Tracy To Tracy is a part-time student in the MSF program and a member of the Class of 2014. At Boston College, she is also a member of Net Impact, whose mission is to improve business practices through a commitment to corporate citizenship. Tracy is currently a senior product analyst at Natixis Global Asset Management. Prior to Natixis, she was a fund accountant at Investors Bank & Trust. She received a BS in economics and finance from Bentley University.

Cameron Kittle Cameron is an MBA candidate in the Class of 2014 and is focusing his studies on marketing and information analytics. He was the senior editor for this issue of BC Financial, and is also a freelance writer for Tech Target’s SearchCRM.com on customer experience management and contact center technologies. He formerly worked as a newspaper reporter at the Telegraph in Nashua, New Hampshire, where he covered business and education stories, including an in-depth series about college debt. He has also written for USCHO.com and the Gloucester Daily Times, and served as executive editor of the New Hampshire while attending the University of New Hampshire, where he graduated with a BS in English and journalism.
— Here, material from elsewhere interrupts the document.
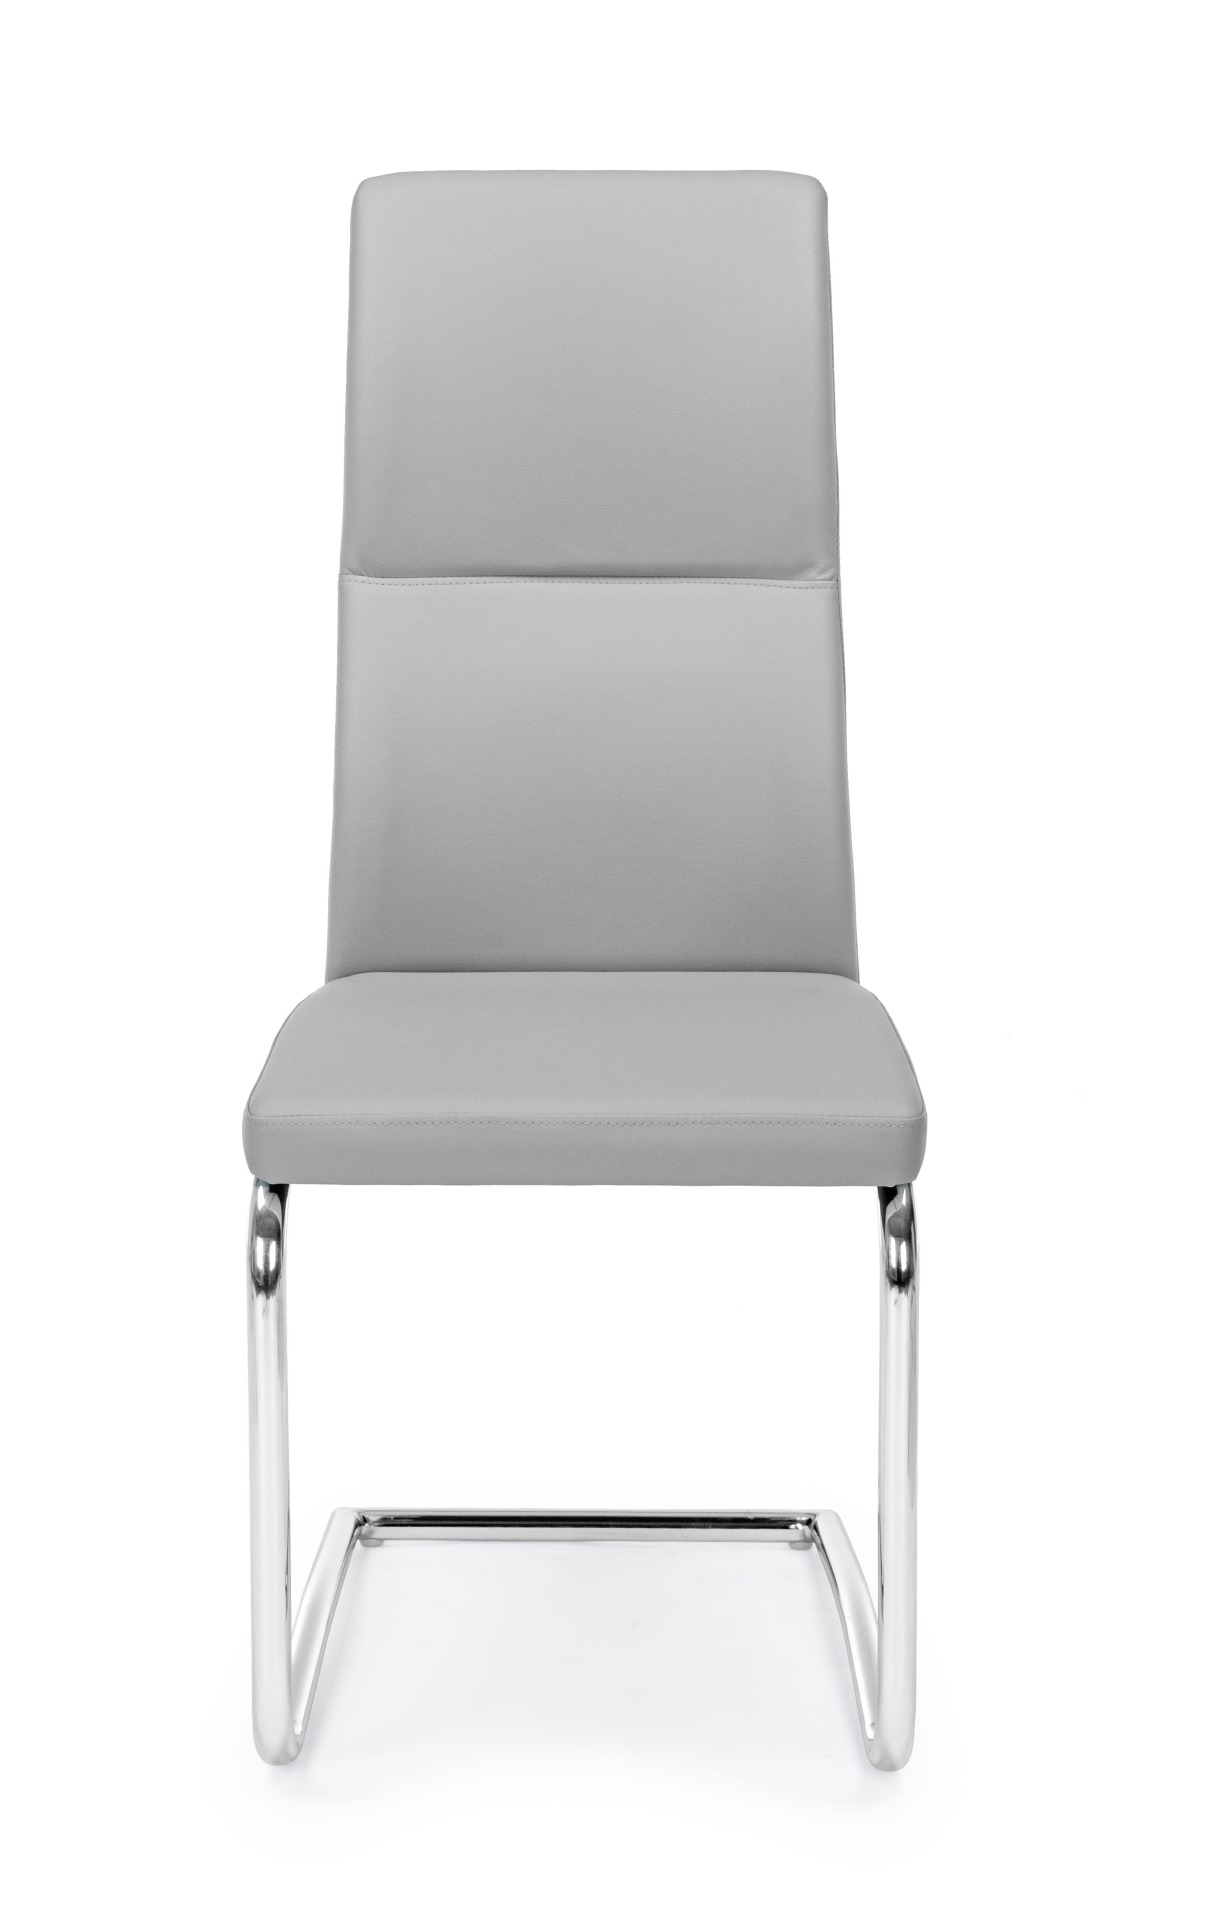 Der Esszimmerstuhl Thelma überzeugt mit seinem modernem Design. Gefertigt wurde der Stuhl aus Kunstleder, welches einen hellgrauen Farbton besitzt. Das Gestell ist aus Metall und ist Silber. Die Sitzhöhe beträgt 47 cm.

Donald Hall Donald is an MBA candidate in the Class of 2013 and the managing editor of this issue of BC Financial. During business school, Donald interned as an analyst at a boutique investment bank, where he cocreated a complex statistical model that helps firms increase their valuation before a liquidity event. Before turning to finance, He was a successful turnaround specialist in the hotel and resort industry. Donald has accepted a position as a real estate economist at Property & Portfolio Research in Boston, where he will advise institutional investors on commercial real estate strategies. He is a graduate of the Schreyer Honors College at Penn State University where he majored in recreation, park, and tourism management and minored in business.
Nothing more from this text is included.